The generated amino acid sequence of the reference genome was compared with all the variants’ amino acid sequence products and most common amino acid changes were detected for USA variants. The result graph is shown in Fig. 19. Like in China case (Fig. 10), for USA variants there is an amino acid change which has more than 10% percentage in ORF8 domain. This change is again from “L” amino acid to “S” amino acid. However, there are 5 additional amino acid changes which have more than 10%. These missense mutation results are listed in Table 3.
Table 3
The Most Occurred Amino Acid Changes Because of Missense Mutations in USA Variants.

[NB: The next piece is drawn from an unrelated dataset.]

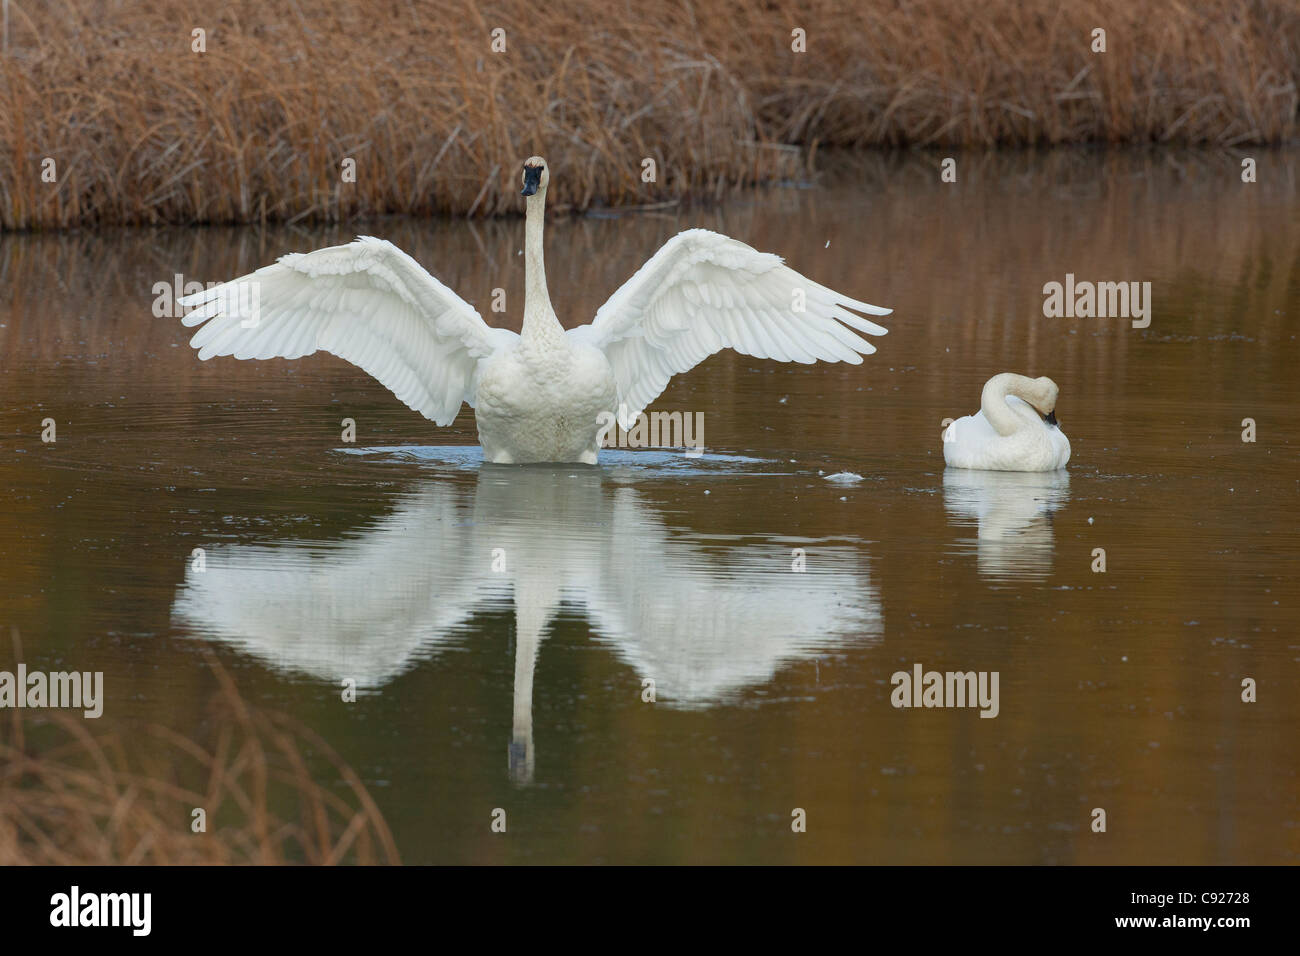 A Trumpeter swan flaps its wings while its mate sits at its side, Potter Marsh, Anchorage, Southcentral Alaska, Autumn Stock Photo
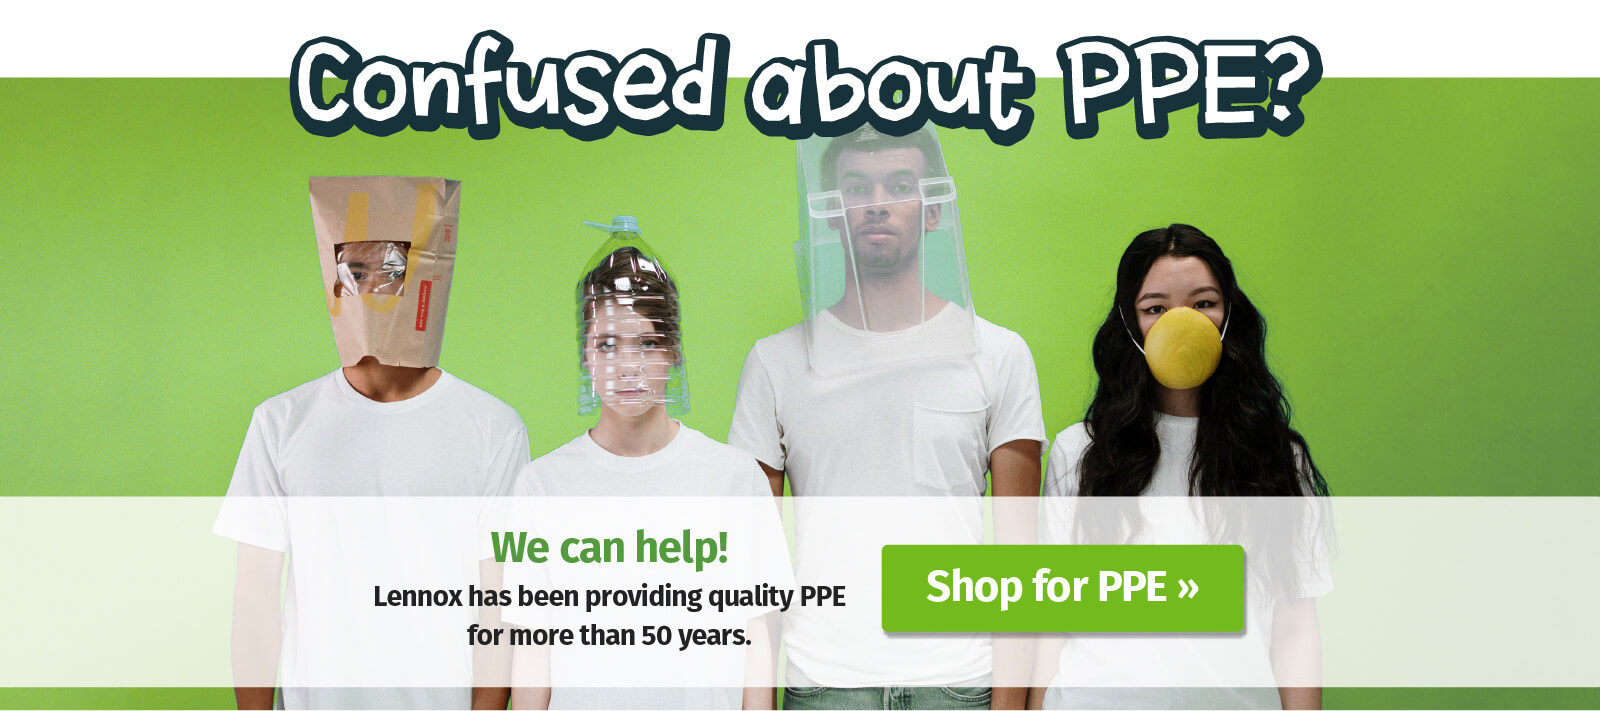 shop for PPE

Domain | Amino Acid Change |
NSP2 | M > P |
NSP13 | M > P |
NSP13 | M > P |
S (S1) | D > G |
ORF3a | Q > H |
ORF8 | L > S |
The amino acid category change result for USA variants is shown in Fig. 20. The most amino acid change type is detected in (non-polar R group) > (non-polar R group) like in China case.
The total amino acid change counts in each of the domains for each amino acid change types are shown in Fig. 21 with a color coded display method. The amino acid change count for (non-polar R group) > (non-polar R group) change type in NSP12 domain is again higher than all the other missense mutation results for all domains like China case (Fig. 12). However, there are some other amino acid change count for USA variants like (non-polar R group) > (non-polar R group) change type in NSP3 domain or (non-polar R group) > (non-polar R group) change type in N domain.